The cable TV network decides to focus on cult classics with established fan bases, and to set its service apart by offering bonus features such as exclusive interviews with filmmakers.

Donna Tam Staff Writer / News
Donna Tam covers Amazon and other fun stuff for CNET News. She is a San Francisco native who enjoys feasting, merrymaking, checking her Gmail and reading her Kindle.
Donna Tam
2 min read
An introductory video for the new Yeah video-streaming service features actor-director Kevin Smith. Screenshot by Donna Tam/CNET

For those who like watching their favorite flicks over and over again, AMC Networks has launched a movie-streaming service, Yeah, that runs new bonus material alongside cult classic movies.

AMC, which launched the pay-per-view service at South by Southwest Interactive today, is jumping into a crowded, and competitive, video-streaming market. Big players like Amazon and Netflix fight for fresh content constantly. Meanwhile, content producers stream their shows directly, as with HBO Go, or cut deals with other established streaming services.

But Yeah has decided to go in another direction: older movies with established fan bases. General Manager Lisa Judson said the service's bonus features, such as interviews with filmmakers, set it apart.

"We're different because we curate our content with original facts and quizzes and exclusive interviews that we produce," she said. "What we do is try to tell a story."
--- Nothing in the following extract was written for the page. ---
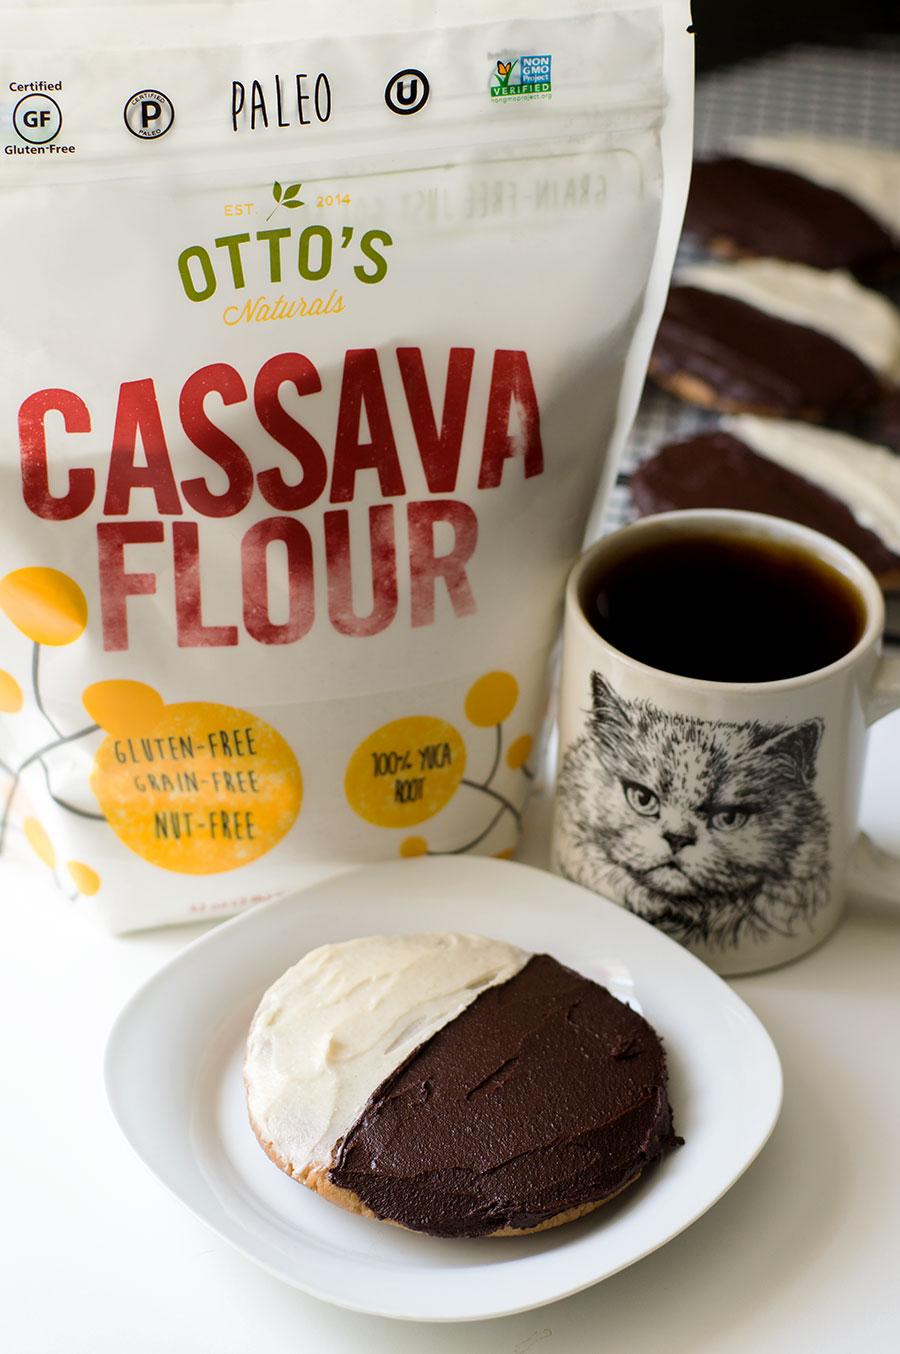 otto's cassava flour black and white cookies (Paleo, AIP, vegan)

AMC Networks, which owns and operates AMC, IFC, Sundance Channel, WE tv, and IFC Films, hired a team of directors to curate the bonus material, which Judson said is "a meaningful story behind the story." Curators spend two months working on each film's added features.
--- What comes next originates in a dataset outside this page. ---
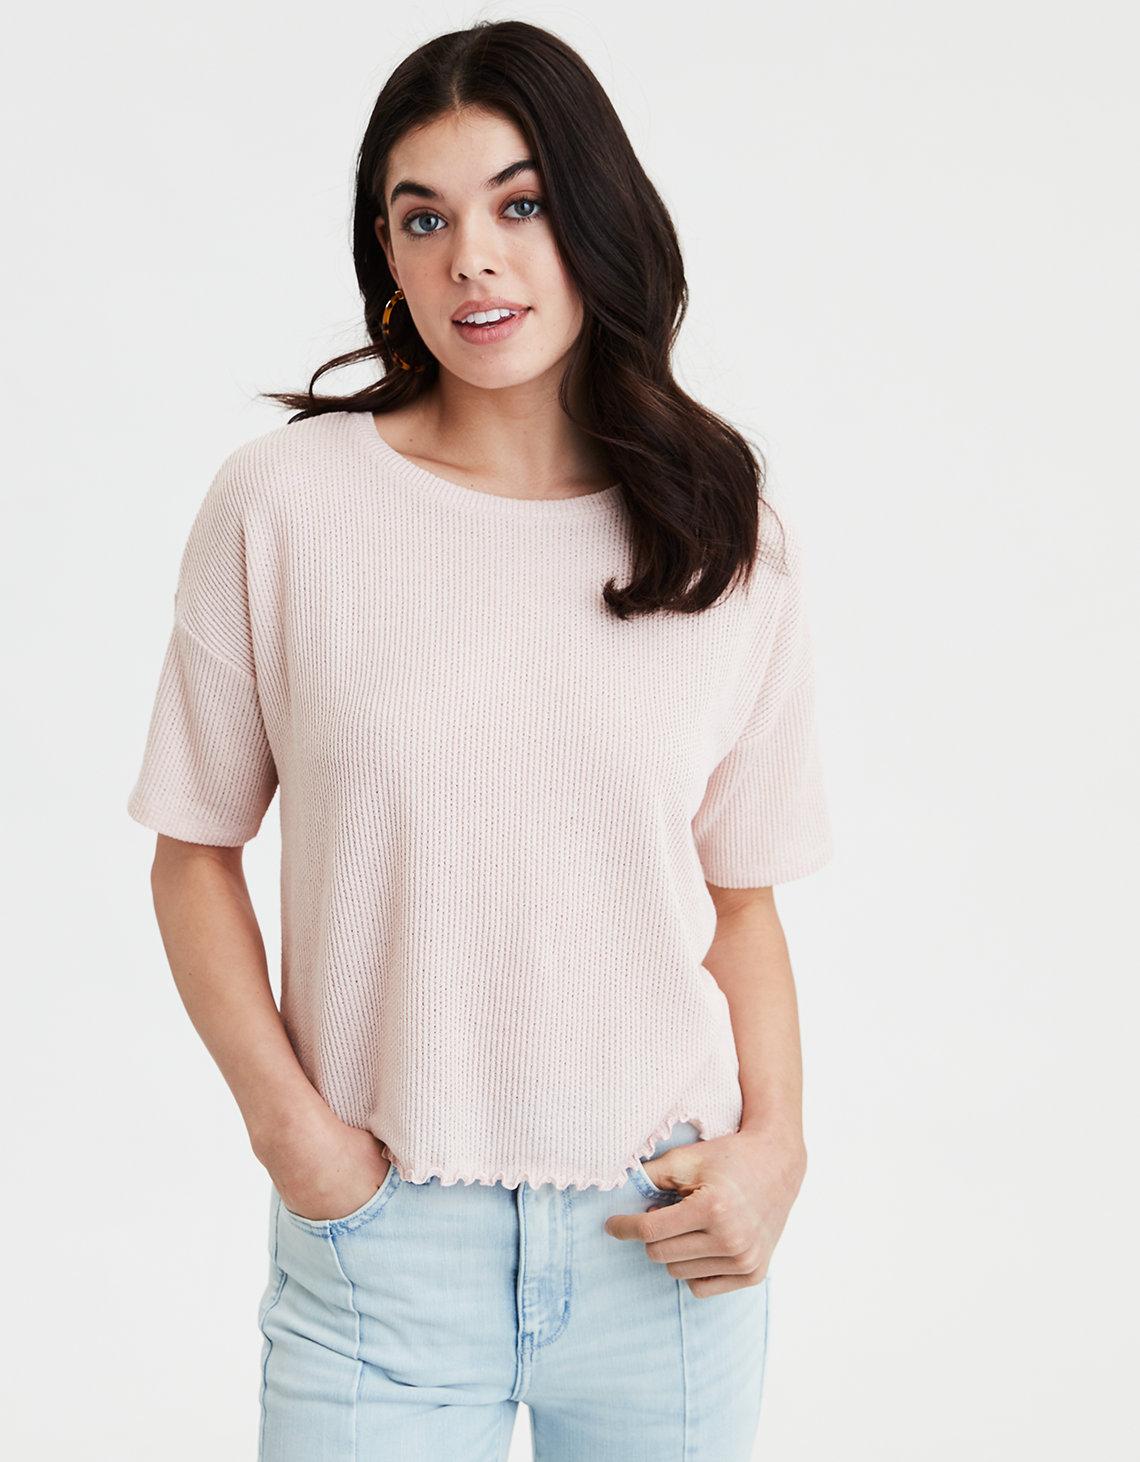 d2a5e2ccb AE Soft Boxy T-shirt, Blush | American Eagle Outfitters

It's like they created a special features DVD for popular films and then put it online. Judson said you'll be able to toggle to the content as it plays alongside the movie, and you can toggle it on or off. Each film costs $5 each, and viewers will have a month to watch it. Once they start watching, they'll have 48 hours to access it.

The streaming service is starting with "Child's Play," "Scream," "Reservoir Dogs," "The Terminator," "A Nightmare on Elm Street," "Clerks," "Natural Born Killers," "Hannibal," "Jackie Brown," "The Crow," "The Exorcist: Director's Cut," and "From Dusk Till Dawn." Additionally, "Blade Runner: The Final Cut" will become available tomorrow, and "Pulp Fiction" will go live next week.

Judson said the company plans to have a library of 50 to 60 videos by the end of the year, including "Twilight: Breaking Dawn Part 2," "Kill Bill," "Watchmen," and "This is Spinal Tap." For now, you can stream a larger collection of movies without the extras. Yeah charges $2 to stream movies without the bonus footage and provides a link to places to buy the DVD.